We are used to hearing divergent views on metal prices, but rarely can well respected sources differ as much as we are currently hearing in the silver market. Quoted in a Telegraph article, James Turk, who founded bullion dealer GoldMoney in 2001 and is said to manage $1.2 billion of assets, thinks prices could hit $50 by the end of next year. Mr. Turk believes quantitative easing will devalue currencies and send precious metals much higher. He uses the traditional gold-silver ratio to illustrate that silver is undervalued at current prices. Simply put, the gold-silver ratio is the number of ounces of silver it takes to buy one ounce of gold. With silver currently at about $22.10/ounce and gold at $1316.25, the ratio stands at 59.56. According to Mr.
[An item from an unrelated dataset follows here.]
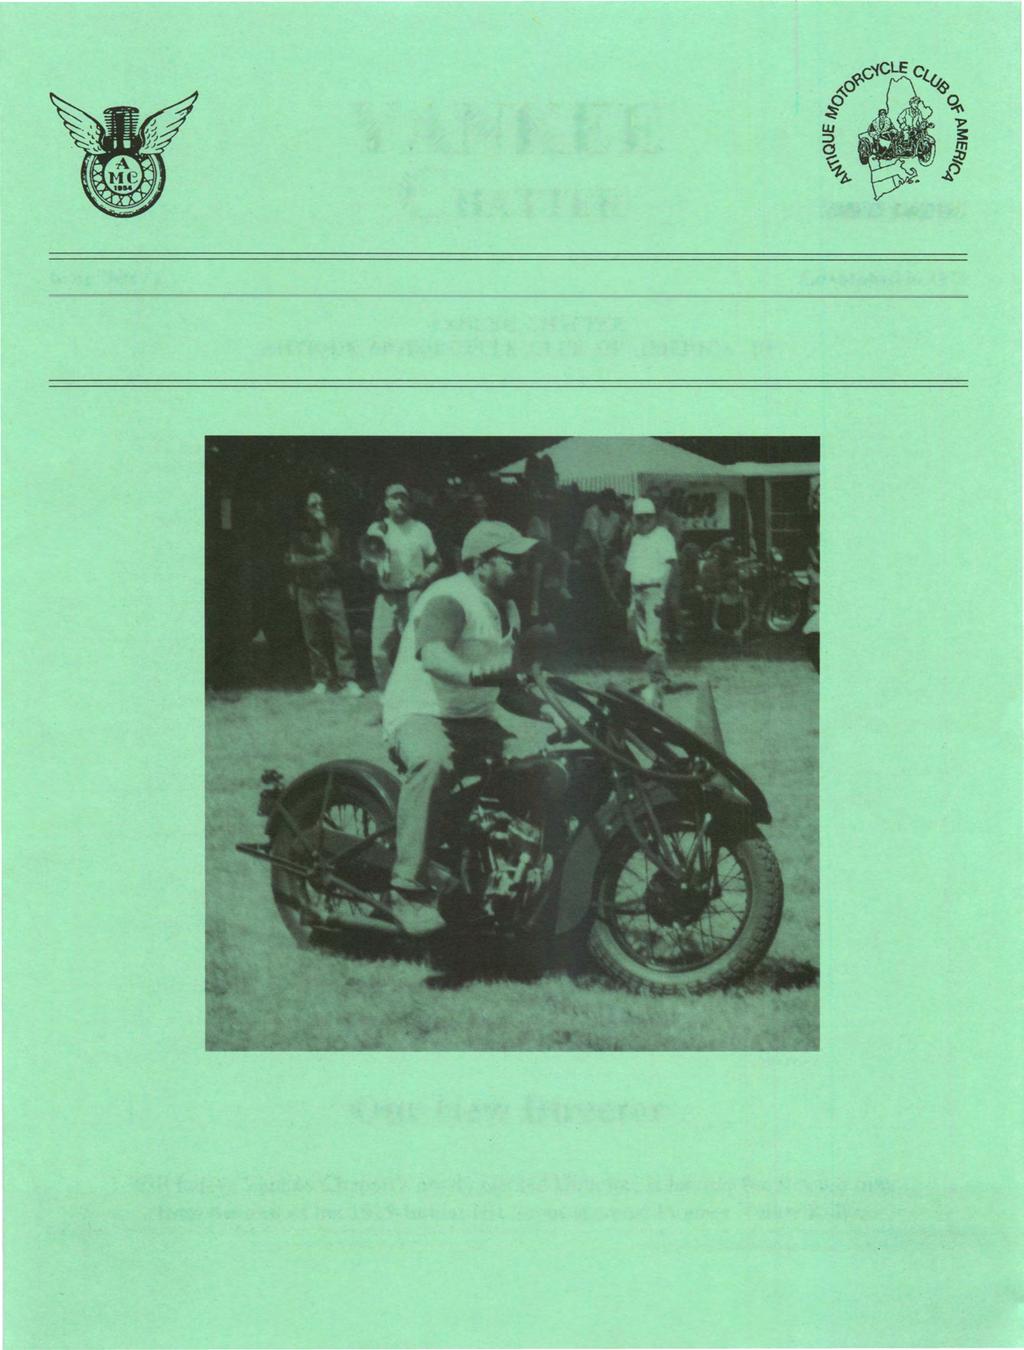 YANKEE CHATTER YANKEE CHAPTER Issue 2004 I 1 Established in 1973 YANKEE CHAPTER ANTIQUE MOTORCYCLE CLUB OF AMERICA, INC. Our New Director C.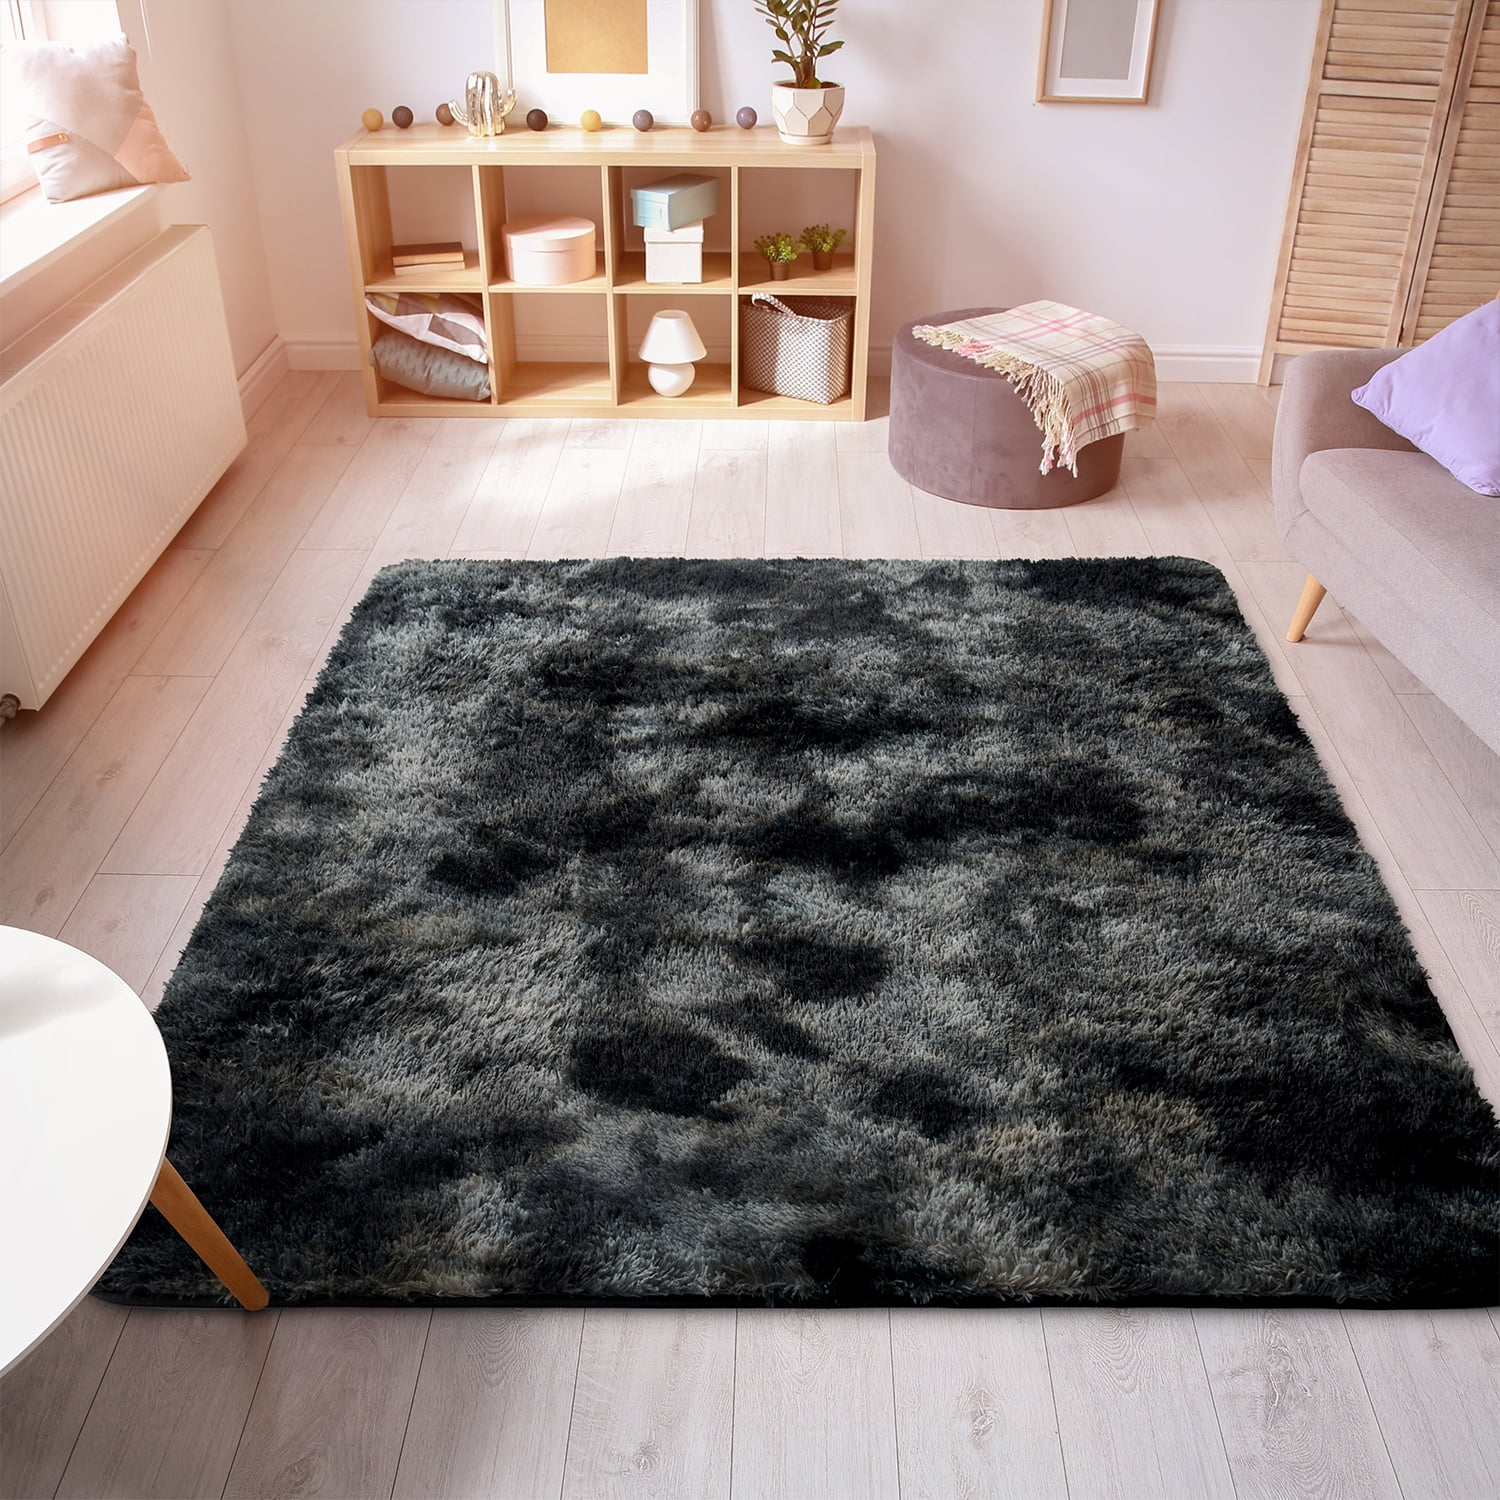 Super Soft Sunflower Green Leaves Area Rugs Anti-Skid Carpet Art Mat Decorator Play Game Non-Slip Mats for Sofa Door Living Room Bedroom and Dormitory

Turk, in 1970 it was 20, it peaked at just under 100 in 1970 and the average is about 40, but in February 2010 it was as high as 72 when gold was high and silver exceptionally low, now it is headed back to its long-term average.

So much for the bulls; what of the bears? Well, Suki Cooper, a precious metals analyst at Barclays Capital takes a much more measured tack. While not bearish, she has an average target for silver next year of $22.20, expecting the metal to peak in the second quarter at an average price of $23.70. Silver is still in surplus, but it has benefited from safe haven buying, she is quoted as saying, meaning it has benefited this year, but don’t expect it to continue unabated.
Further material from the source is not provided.